Am I mistaken that on going search requests get priority and are filled as deposits come in? If this is in fact true why would there be a high demand deposit to see in a real time search?
Yes, the ongoing searches have not been part of the discussion. From what I understand what we see as available on RCI's websites are the leftovers. Any ongoing search will take 1st priority and we'll never see it as available on rci.com. So there may be some weeks in very high demand areas (UK summer, the aforementioned Allen House, etc, etc) that will never show up because the waiting list far exceeds those who actually deposit those very high demand weeks.
Unfortunately, we have no way of verifying this and RCI doesn't publish what was taken during ongoing searches. So all we can do is speculate. The best thing you can do is to look at last-minute exchanges (within 3 weeks or so of check-in). If you do this, you can see some very prime weeks that were cancelled at the last minute. So I can assume that there are cases where people can snag these very high demand weeks, but we never see them.
Of course this is true as well. If you do an ongoing search you are going in blind and don't know if your actual requested trade is simply impossible based on trading power. RCI should at least be upfront and tell you that you have no chance.Trading power still comes into play with ongoing searches. You will be ignored and skipped right over with a request that isn't in your "league."
As for rentals, who knows? If we believe RCI these are developer weeks that they choose to put up as rentals for everybody to use. If we believe the detractors at TUG, they are skimming the best weeks that were deposited by exchanges. Either scenario is plausible.

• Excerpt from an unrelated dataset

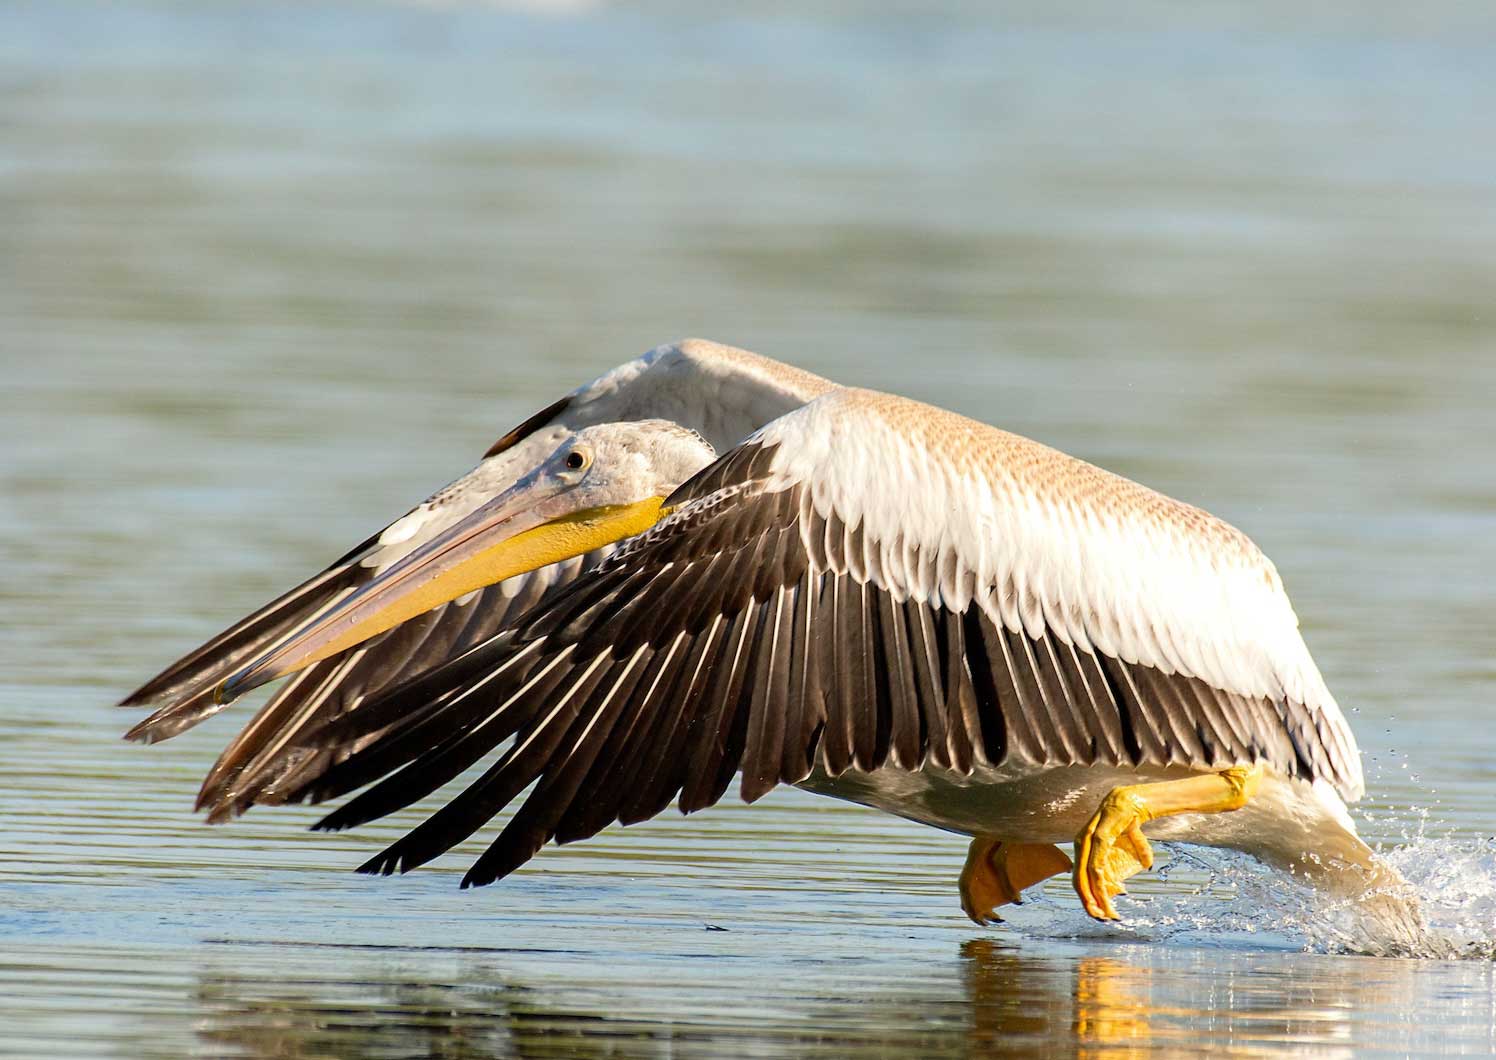 A pelican in flight with its wings extended forward just over the water's surface.

That is why a points-based system (RCI, Wyndham, Worldmark, etc) is much preferable than an exchange system. In a perfect world, RCI would have just one big points system, where everybody's week would be given a points value and would negate the need to convert a week into points. But of course this would negate the need to cough up $$$$'s to the developer and put thousands of timeshare sales "people" (I'll be nice here) out of jobs because they won't be able to harass existing owners about converting their week into points.